SoftBank’s Vision Fund has notched its best performance since its launch in 2017 even as the group’s new trading arm racked up losses of $2.7bn from its “Nasdaq whale” trades in the final quarter of 2020.
The Japanese tech conglomerate’s two Vision Funds reported a $13bn rise in the valuation of their investment holdings during the three months to December, boosted primarily by the rise in holdings of ride-hailing group Uber and DoorDash, the recently listed food delivery group.
The figures released on Monday reflected a dramatic turnround for Masayoshi Son’s group following a turbulent 12 months during which it carried out a huge restructuring of assets alongside aggressive purchases of US equity derivatives using its new cash pile.
For the October to December quarter, SoftBank Group reported a net profit of ¥1.17tn ($11.1bn), up from a ¥55bn profit in the previous quarter and surpassing analyst forecasts of a net profit of ¥98.5bn.
Navneet Govil, the Vision Fund’s chief financial officer, told the Financial Times on Monday that the strong performance of its $100bn Saudi Arabia- and Abu Dhabi-backed fund and its smaller sequel fund were backed by a robust market for initial public offerings, a favourable fundraising environment and timely exits in market conditions driven by ultra-low interest rates and excess liquidity.
“We believe it’s going to continue,” Govil said, adding that several other IPOs were lined up this year. South Korean ecommerce group Coupang and Chinese ride-hailing company Didi Chuxing are among the Vision Fund investments expected to go public in the near future.
As of the end of December, the fund’s $7.7bn investment in Uber was worth $11.3bn, while its $680m DoorDash investment was valued at $9bn.
Despite the global tech rally that lifted SoftBank’s investments in start-ups, “SB Northstar”, the unit set up to play the market in listed tech stocks, reported derivatives losses of $2.7bn for the October to December quarter, bringing total losses to $5.5bn for the past two quarters.
Since the FT revealed in September that SoftBank was the mystery “whale” behind a record rally in US tech stocks, the company has decided to unwind its largest equity options trades, facing investor criticism for the high-risk trading strategy.

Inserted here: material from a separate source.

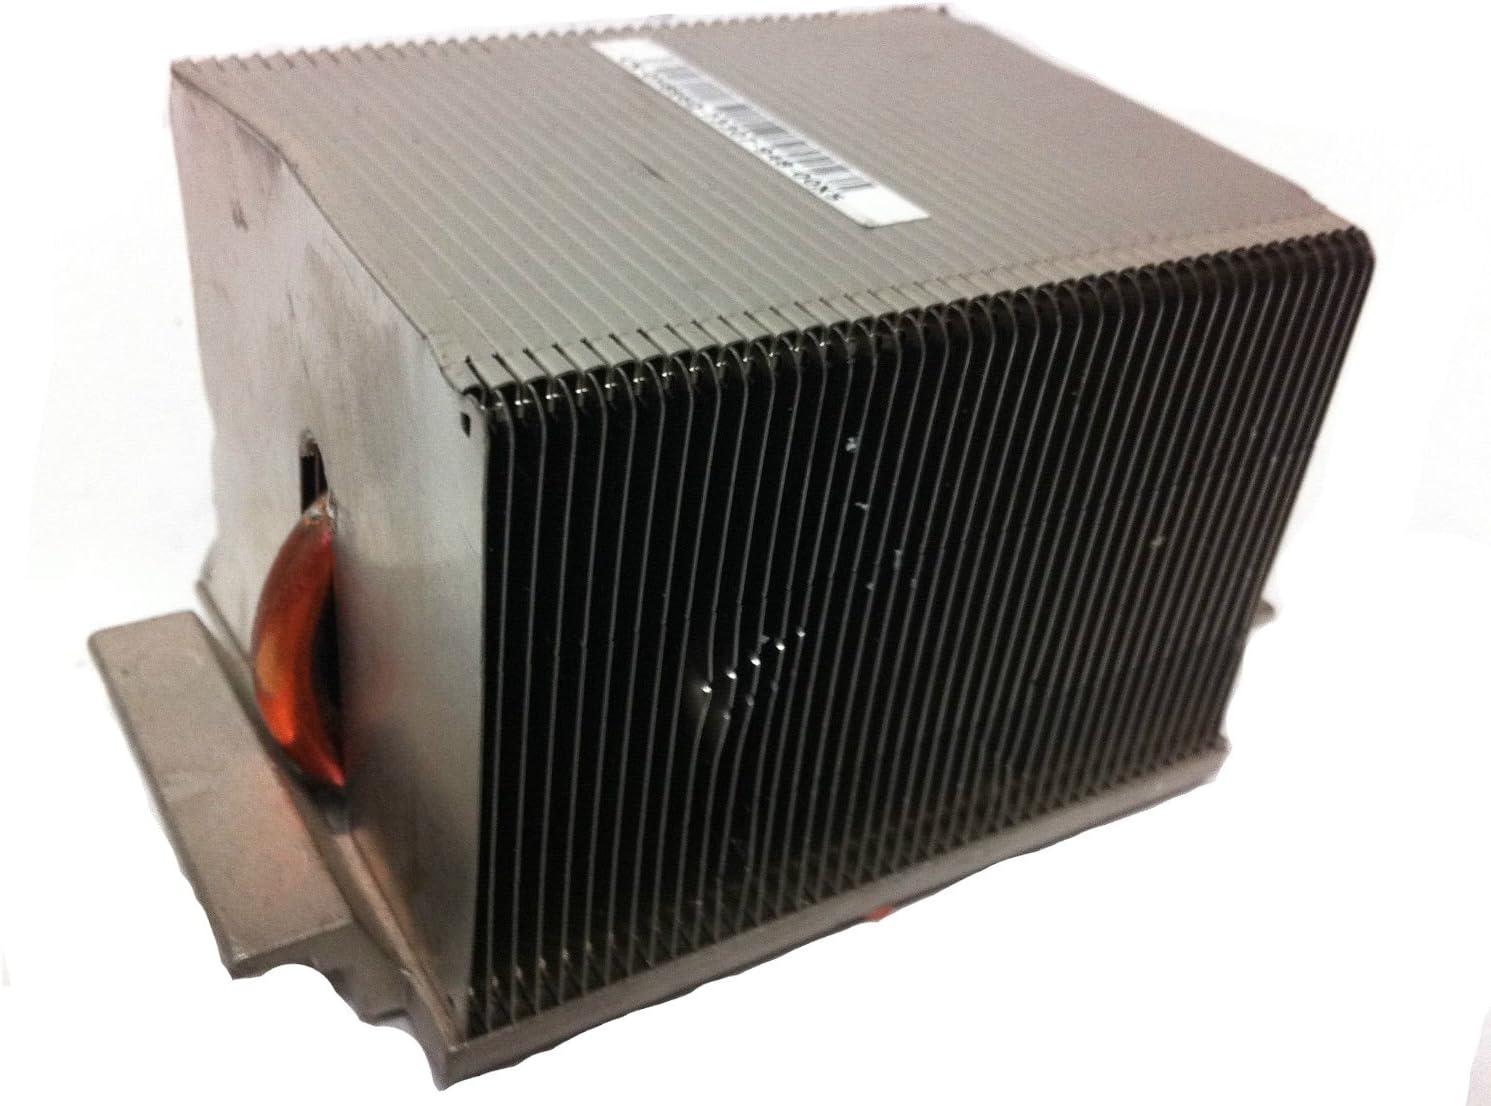 Shroud 0H895D Dell Optiplex 745 755 760 Heatsink

Shares in SoftBank have risen nearly 240 per cent since their mid-March meltdown, reaching their highest level since the tech bubble in 2000 as investor sentiment toward the Vision Fund improved.
Still, the stock rebound has been overshadowed by SoftBank’s heavy exposure to Alibaba, whose shares have fallen 15 per cent since early November after Beijing halted the $37bn IPO of the Chinese ecommerce company’s online finance affiliate Ant Group.
SoftBank has a 25 per cent holding in Alibaba and the Chinese group still accounts for nearly 70 per cent of the total value of SoftBank’s holdings.
“That company [Alibaba], its valuation and the huge cushion of asset value it represented had become the most solid, dependable bit of SoftBank after the mobile business was separated, and suddenly it doesn’t feel so solid,” said one investor in SoftBank based outside of Japan.